Monday, January 16, 2012

Ahakhav Preserve

I have been playing catch up all weekend since I went on a short travel for work last week.  I attended a workshop at the Colorado River Indian Tribes Reservation in Parker, Arizona with my boss.  The purpose of the workshop was to showcase the Ahakhav Preserve at CRIT.  From their website:

The 'Ahakhav Tribal Preserve was established in 1995 and currently consists of 1,253 acres of wilderness area and a 3.5 acre park. The preserve is centered around a reconstructed Colorado River backwater, which offers a variety of activities including fishing, canoeing, birding, and swimming. The preserve also maintains a 4.6 mile fitness trail as well as playground and picnic facilities located in the park. The preserve serves many purposes. One is to provide recreational and learning opportunities to the surrounding community as well as visitors. The other is to serve as a revegetation area for endangered and threatened plants and animals native to the Lower Colorado River Basin. The Lower Colorado is an area that faces many problems, from damming that causes changes in natural stream flow, to a variety of invasive species. The preserve is an ongoing project to study methods of revegetation and restoration that may be used though out the area.

The CRIT reservation community includes four distinct Tribes - the Mohave, Chemehuevi, Hopi and Navajo. There are currently about 3,500 active Tribal members. They have a substantial water right to the Colorado River and they have the first priority.

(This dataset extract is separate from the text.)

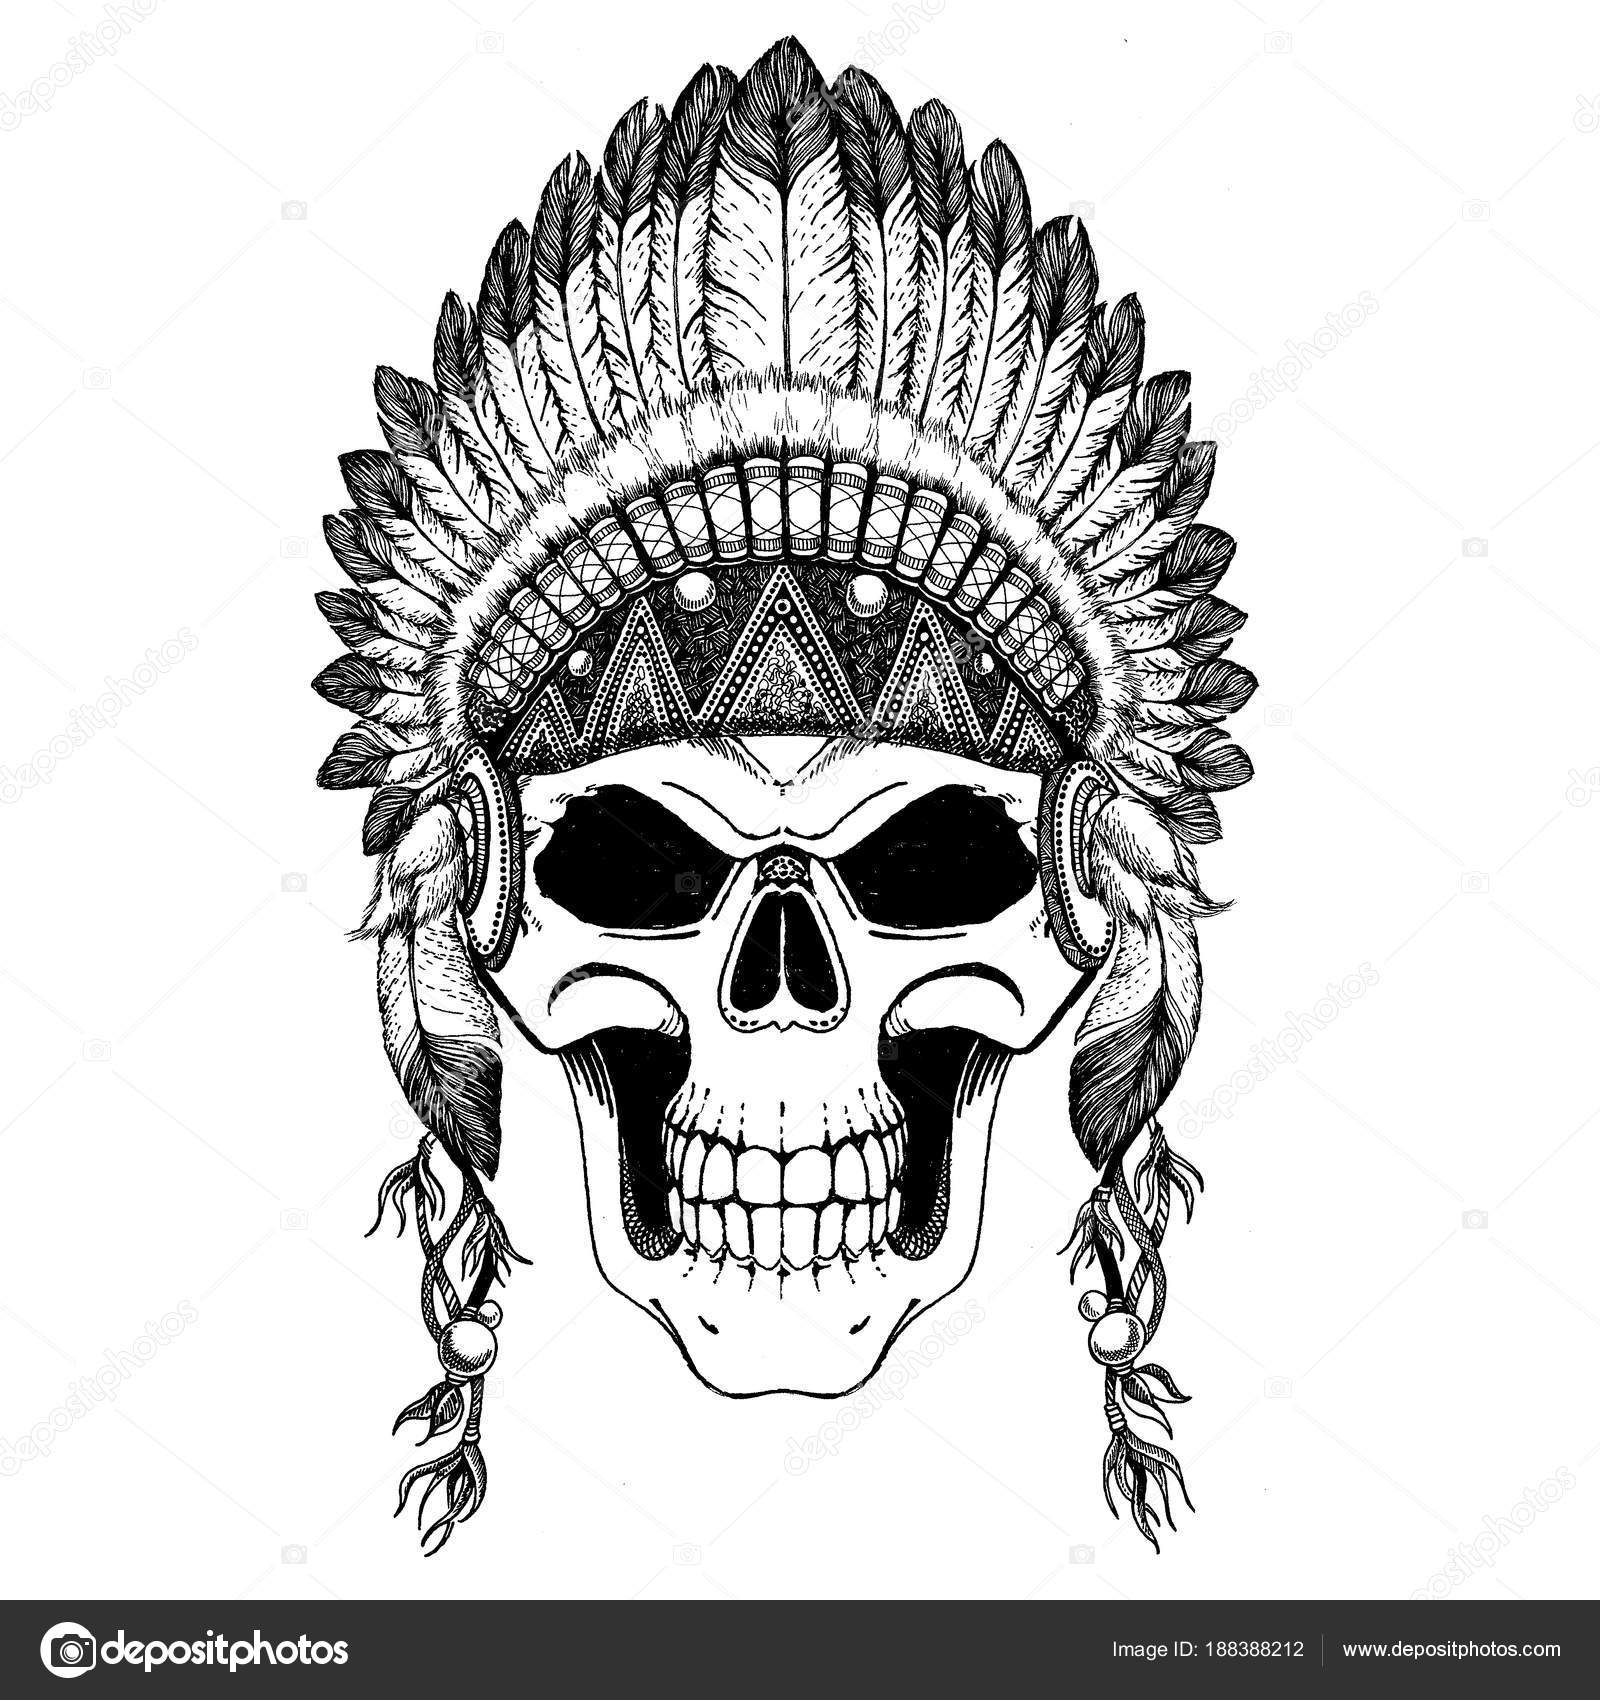 Impresionante corona de plumas en un cráneo, repitiendo el indio
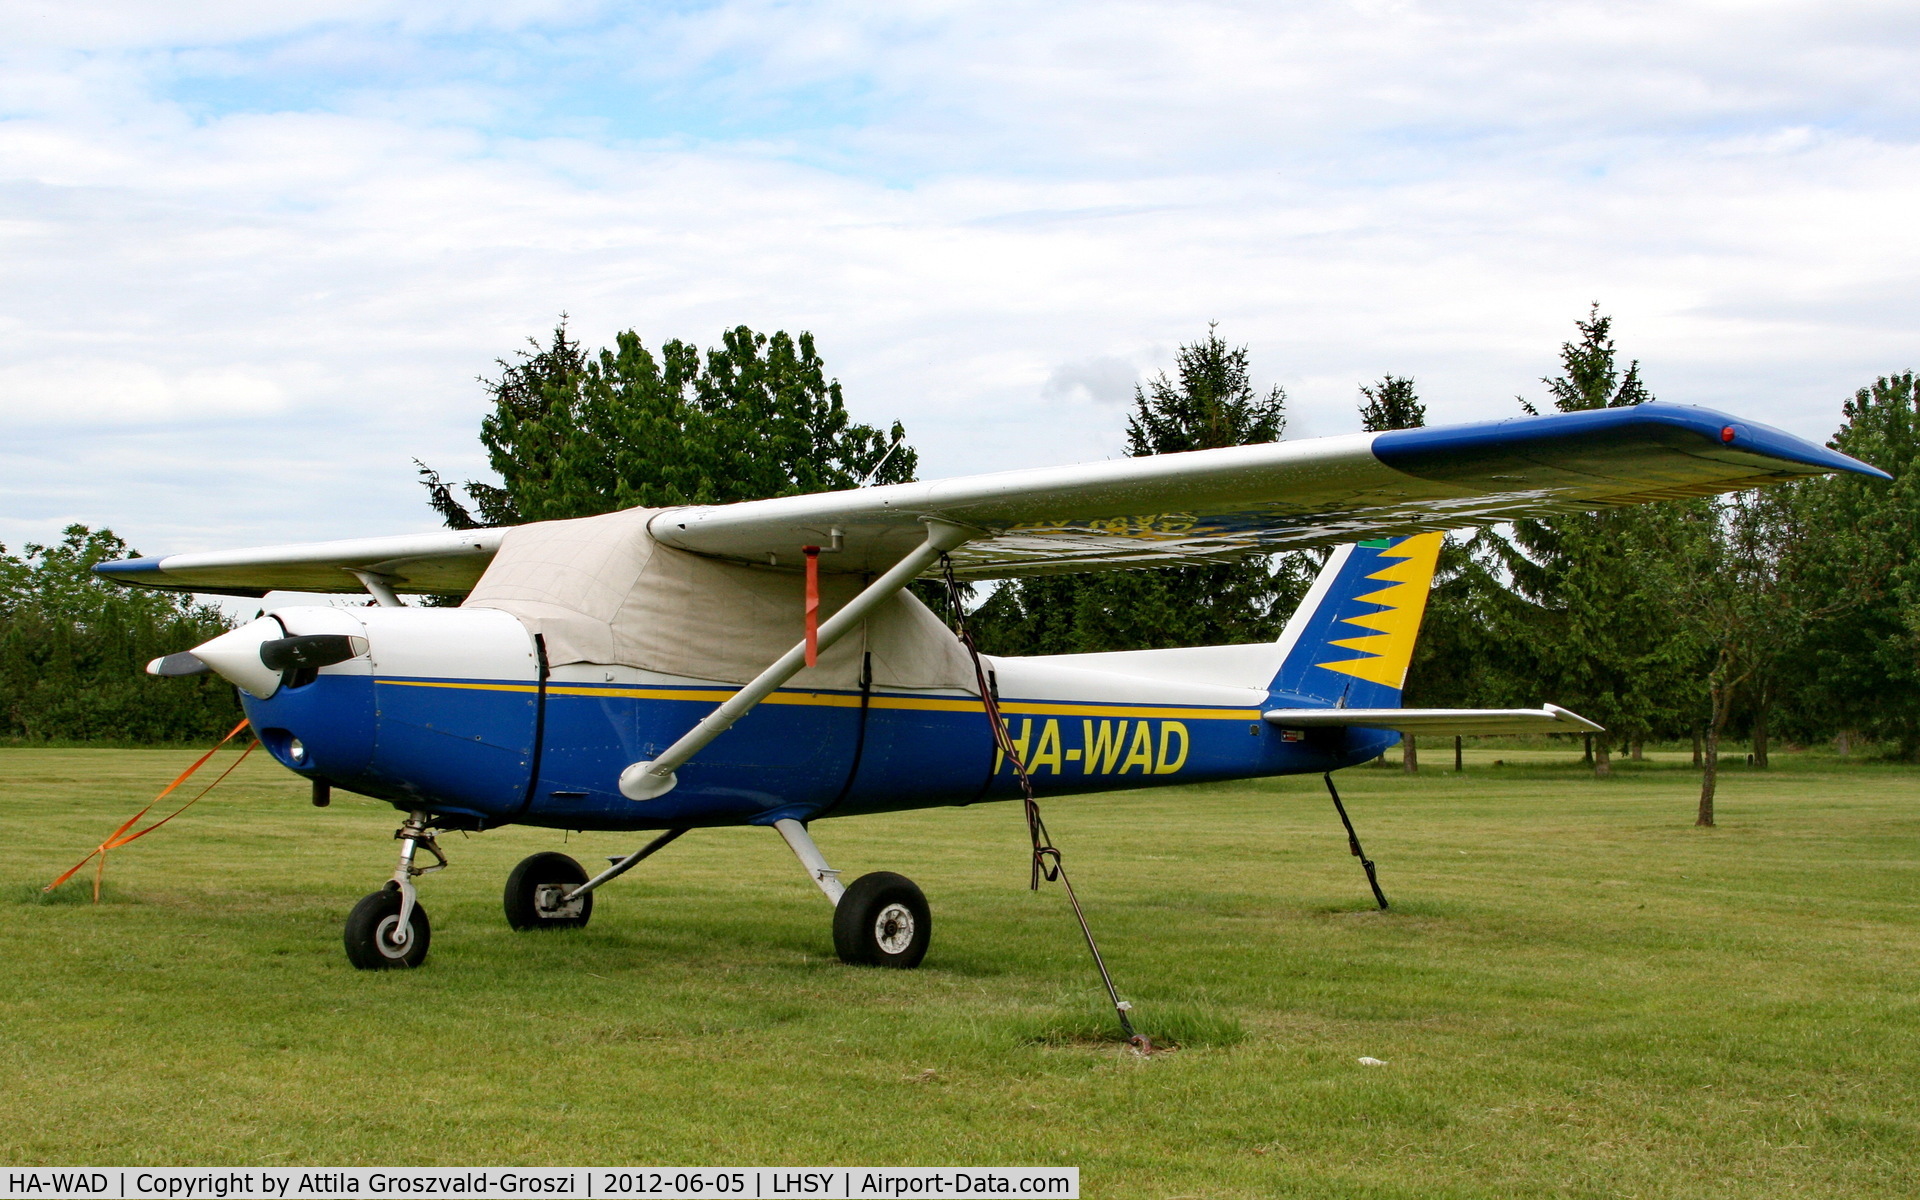 HA-WAD, 1977 Cessna 152 C/N 15280736, Szombathely Airfield, Hungary - LHSY

 The beginning part of the workshop was held at the Blue Water Casino/Resort where they had tribal members and an elder talk about the vision and purpose of the preserve.  They shared that the tribal elders got together and expressed concern to the tribal council because mesquite trees were becoming harder and harder to find.  They described the mesquite tree as the tree of their life.  As babies they use the root of the tree to make the structural part of the craddle board.  Throughout their life it provides food from the beans which are ground into a flour, it's super sweet and yummy, and provides warmth as they burn the wood in their fireplaces.  Then at the end of life they practice open air cremation and the ceremonial wood that is used is the mesquite tree.  Because of climate change and invasive species encroachement the mesquite trees have been dwindling.

In the afternoon we went to the preserve and had lunch followed by a tour where we rode on a haywagon pulled by a John Deere tractor.  It was great fun and the weather down there was awesome, well over 70.  They have completed 9 sections of the preserve and have had great success in establishing all kinds of native trees including the mesquite, willow, cottonwood and others.  They have started the plowing and leveling process for their 10th parcel.

1 comment:

  1. Sounds like an interesting conference. I love learning about different cultures and their traditions.